A total of 240,659 SSRs was discerned within the draft genome sequence of the I. pseudotinctoria (Table 6). Notably, mononucleotide SSRs emerged as the most prevalent, constituting 74.50% (180,491) of the total SSR. This was followed by dinucleotide SSRs (35,978; 14.95%), trinucleotide SSRs (20,213; 8.40%), tetranucleotide SSRs (3140; 1.30%), pentanucleotide SSRs (515; 0.21%), and hexanucleotide SSRs (322; 0.13%) (Table 6 and Figure 5). Among the mononucleotide repeats, the AT/AT motif predominated, accounting for 66.57% of the total repeat units. In the dinucleotide context, the most frequent motif observed was AG/CT (18.41%), followed by AC/GT (14.55%) (Figure 6A). For trinucleotide repeats, the prevailing motifs were AAT/ATT, AAG/CTT, AAC/GTT, and AGG/CCT, encompassing proportions of 54.15%, 21.35%, 8.47%, and 2.03%, respectively (Figure 6B).

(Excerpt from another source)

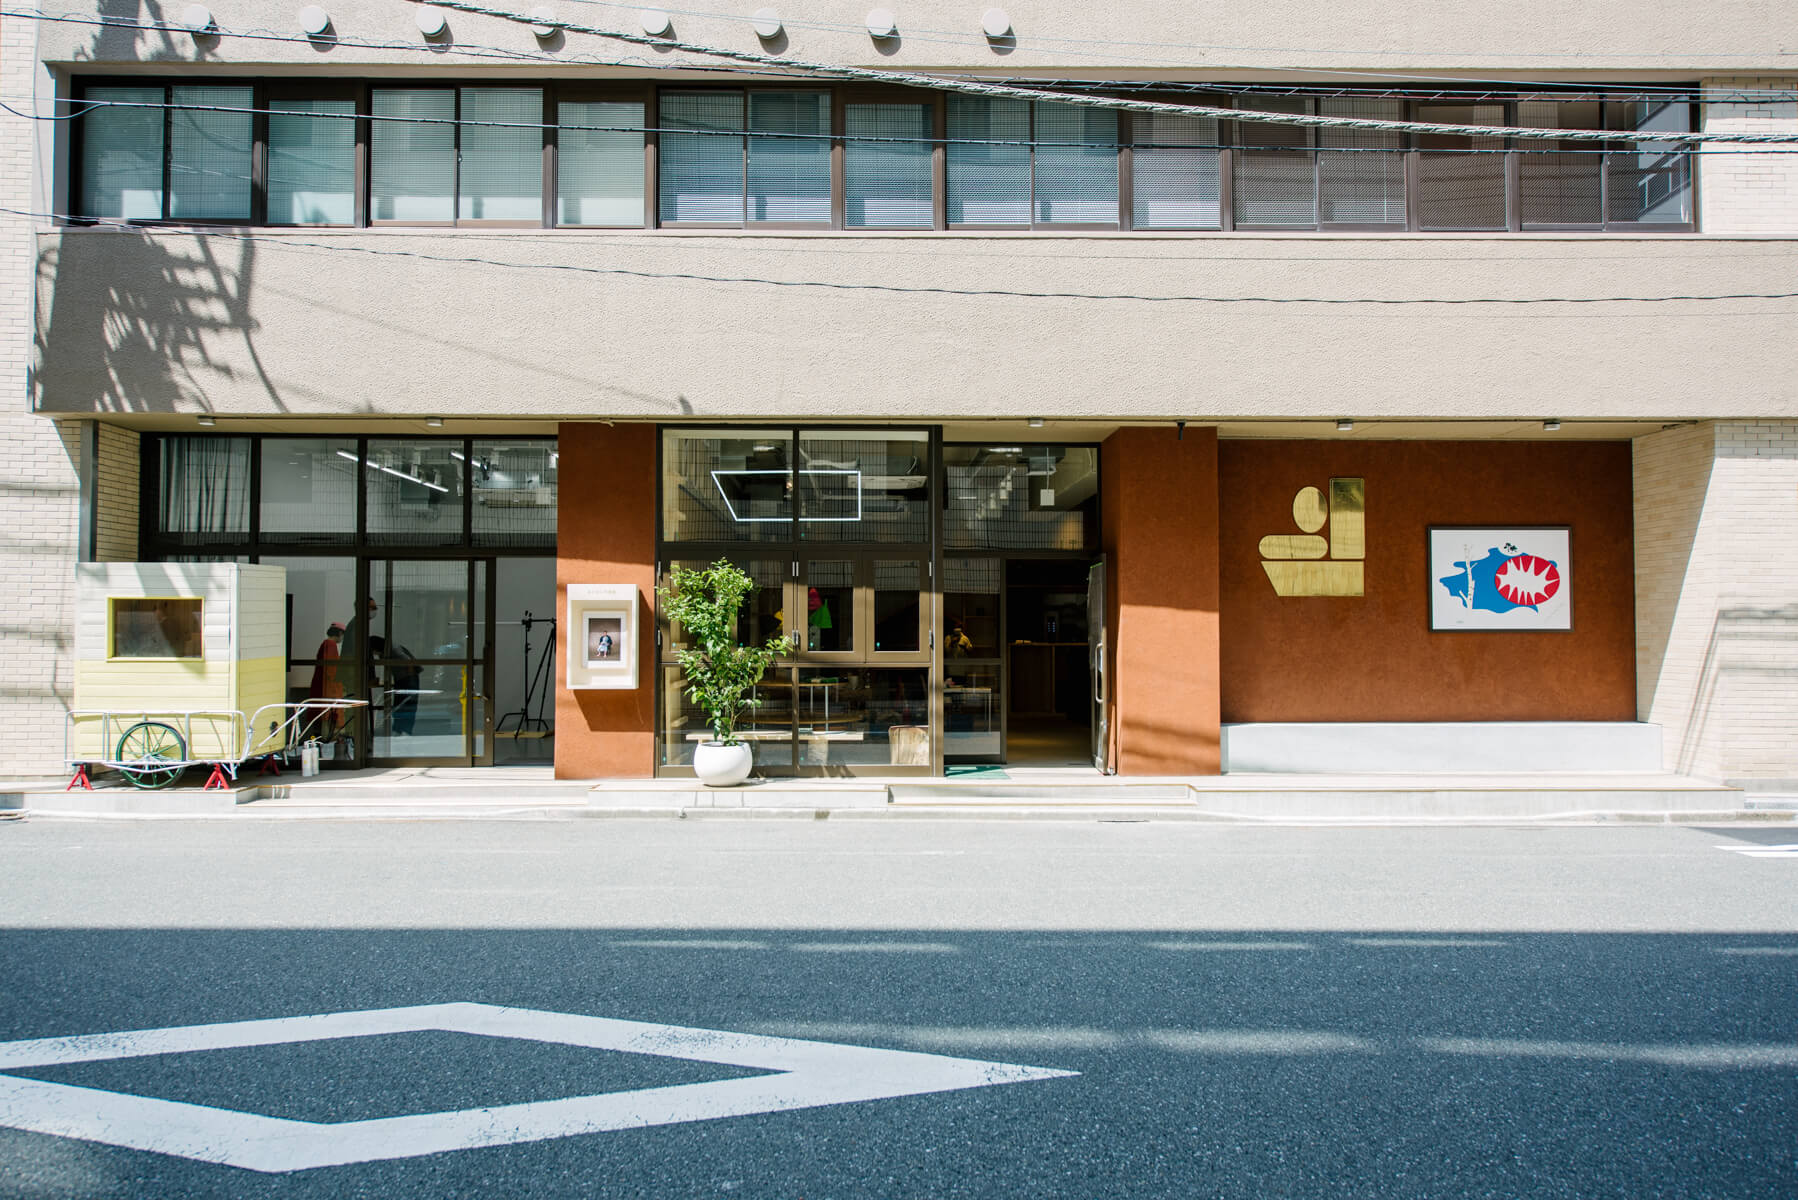 1F 神田ポート・B1F サウナマーケット

Given the numerous SSRs identified, we randomly selected 17 tri- and tetranucleotide microsatellite loci from the draft genome of I. pseudotinctoria and designed corresponding primer pairs. These selected loci predominantly contained five or six motif repeats. The amplification results demonstrated that 16 out of the 17 SSR loci could be successfully amplified (Figure 7), confirming the reliability and reproducibility of our genomic SSR marker identification.

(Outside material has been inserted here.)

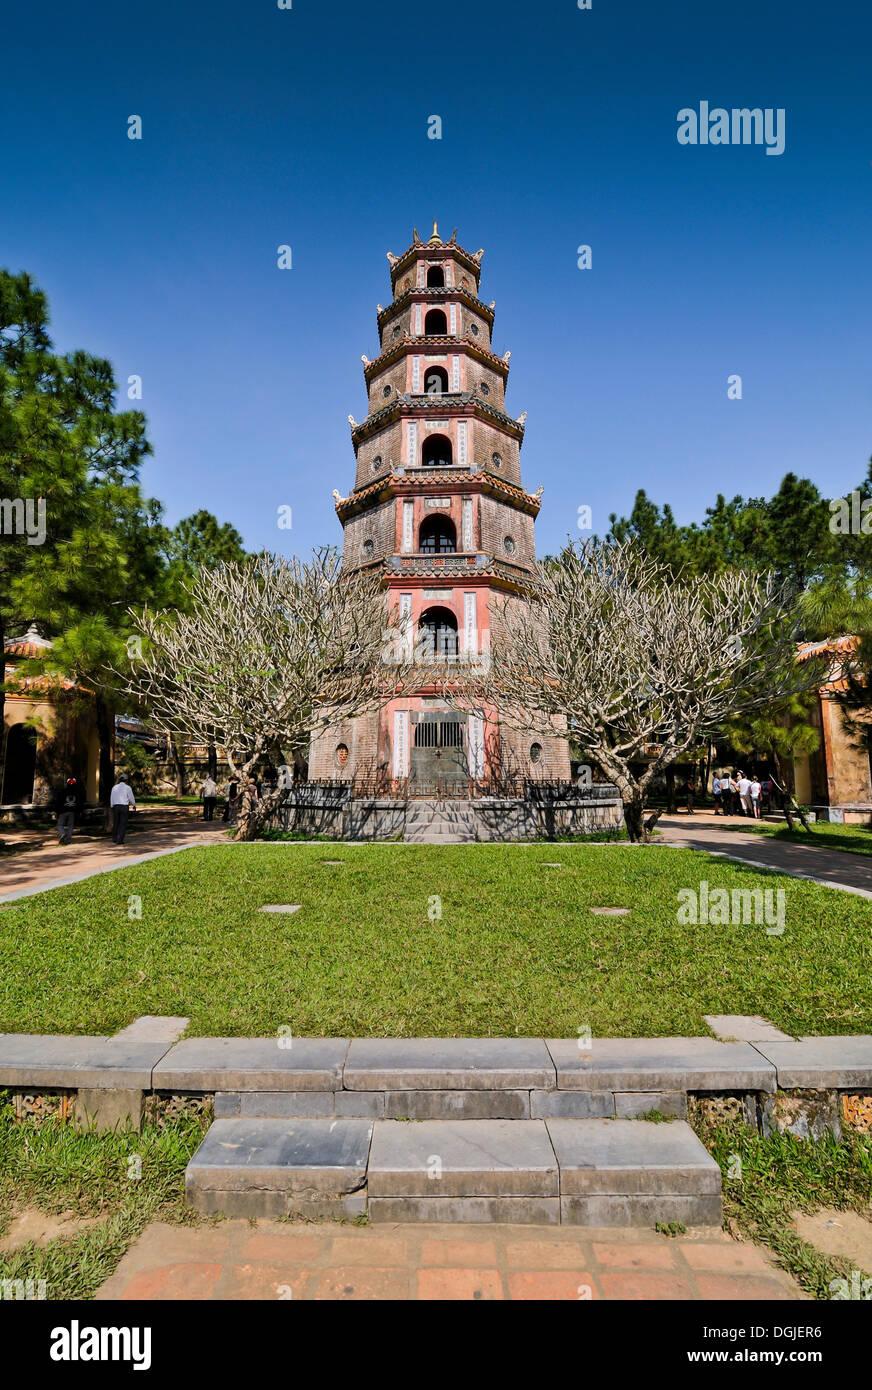 Phuoc Duyen tower ou la pagode de Thien Mu, ou Pagode de la Femme céleste, Hue, UNESCO World Heritage Site, Vietnam, Asie Photo Stock

3.5. Gene Prediction and Annotation

A comprehensive total of 58,790 unigenes, constituting 98.91% of all unigenes, were meticulously matched and subsequently annotated within the Nr homologous database (Figure S1 and Table S1). Overall, 33,218 putative genes were classified into KOG functional categories (Figure 8A), among which the largest cluster was general function prediction (17,453; 52.54%), followed by post-translational modification (1867; 5.62%), signal transduction mechanisms (1497; 8.58%), and transcription (1086; 6.22%) (Table S2). Utilizing sequence homology, the 28,111 assembled transcripts were systematically assigned into GO terms, including biological process, cellular component, and molecular function (Figure 8B). Within biological processes, the category predominantly represented was cellular processes (18,916; 23.98%), succeeded by metabolic processes (17,548; 20.98%) and biological regulation (8241; 17.59%). For cellular components, the most prevalent category was the cell part (22,173; 24.52%), followed by organelle (17,039; 18.84%) and membrane (8826; 9.76%). In terms of molecular function, two major categories stood out: binding (15,191; 19.98%) and catalytic activity (15,100; 19.87%).

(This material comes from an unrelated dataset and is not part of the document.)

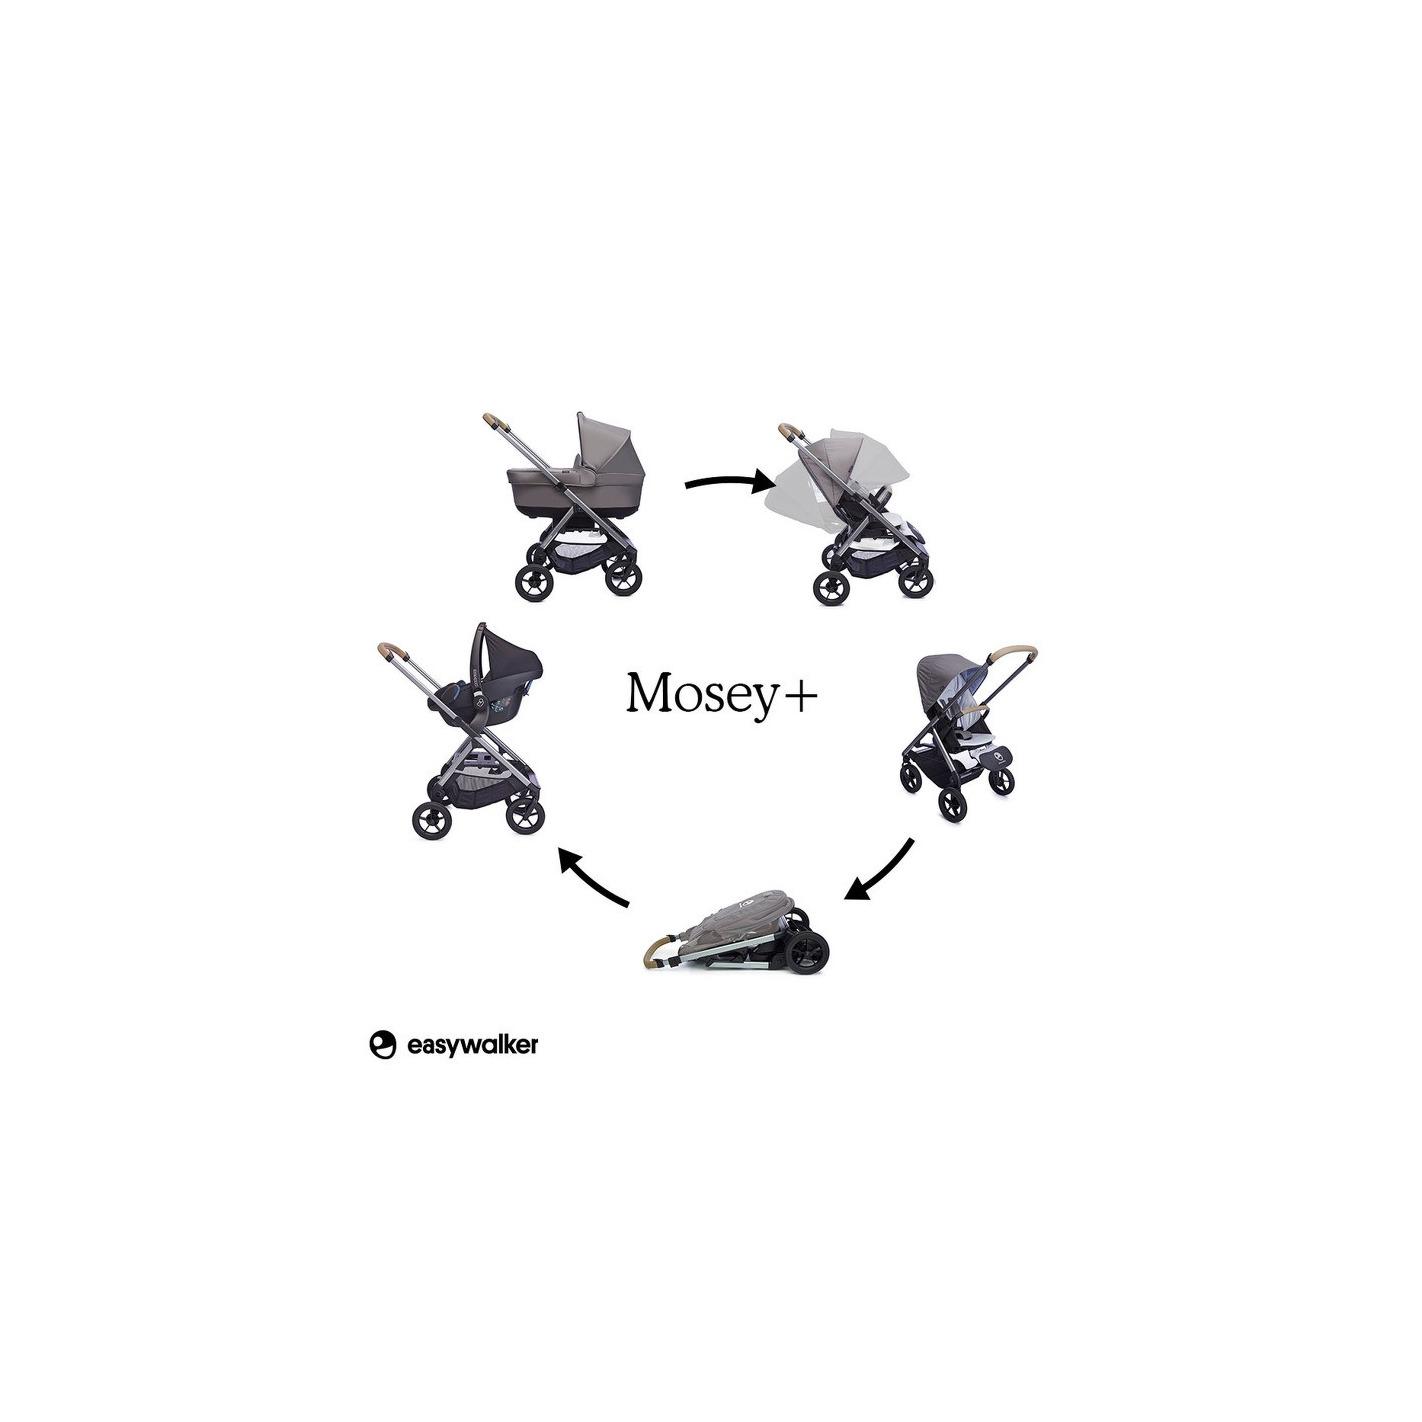 Easywalker Mosey Wozek G Boko Spacerowy Pebble Grey

Furthermore, the assignment of putative genes to 131 KEGG pathways yielded a total of 57,636 associations (Figure 8C), among which 10,893 genes were correlated with 20 metabolic pathways. Notably, carbohydrate metabolism featured prominently (1261; 11.58%), closely pursued by translation (3025; 27.8%), amino acid metabolism (739; 6.8%), and lipid metabolism (610; 5.6%). Additionally, organismal systems pathways, environmental information processing, genetic information processing, and metabolism KEGG pathways were linked to 332, 661, 2623, and 4549 genes, respectively.

4. Discussion

This study represents a significant advancement in understanding the complex genomics of I. pseudotinctoria, a traditional Chinese botanical species that holds paramount economic values due to its applications in forage production and medicinal practices. The relevance of our investigation is underscored by the paucity of genomic information pertaining to this species. This study used flow cytometry to determine the genome size of I. pseudotinctoria, yielding a result of 920 Mb (Table 1), whereas K-mer-based survey analysis estimated it to be 637 Mb (Table 5). The genome size measured by flow cytometry is larger than that obtained through K-mer analysis, a trend consistent with findings in other plant species such as Parrotia [33], Sophora alopecuroides [34], Cucumis sativus [35], and Panax ginseng [36]. Studies have shown that flow cytometry employs dissociated and stained cell suspensions as test samples, and thus the results can be influenced by plant cellular structures and secondary metabolites [37]. In contrast, K-mer-based survey methods are not affected by endogenous cellular substances; however, during second-generation sequencing, some genomic fragments may be lost due to the fragmentation and assembly processes, resulting in an underestimation of the genome size. Notably, the observed heterozygosity rate of 0.98% and a repeat rate of 66.3% collectively indicated a genome with a high level of heterozygosity and repeat sequence (Figure 3 and Table 5). The resulting genetic diversity, which aligns with the species’ agricultural importance, is poised to enhance its biological adaptability. This propensity for heterogeneity is expected to contribute to the species’ overall genetic diversity, thereby enhancing its capacity to adapt and interact within its environment, which notably corresponds to its significant agricultural role.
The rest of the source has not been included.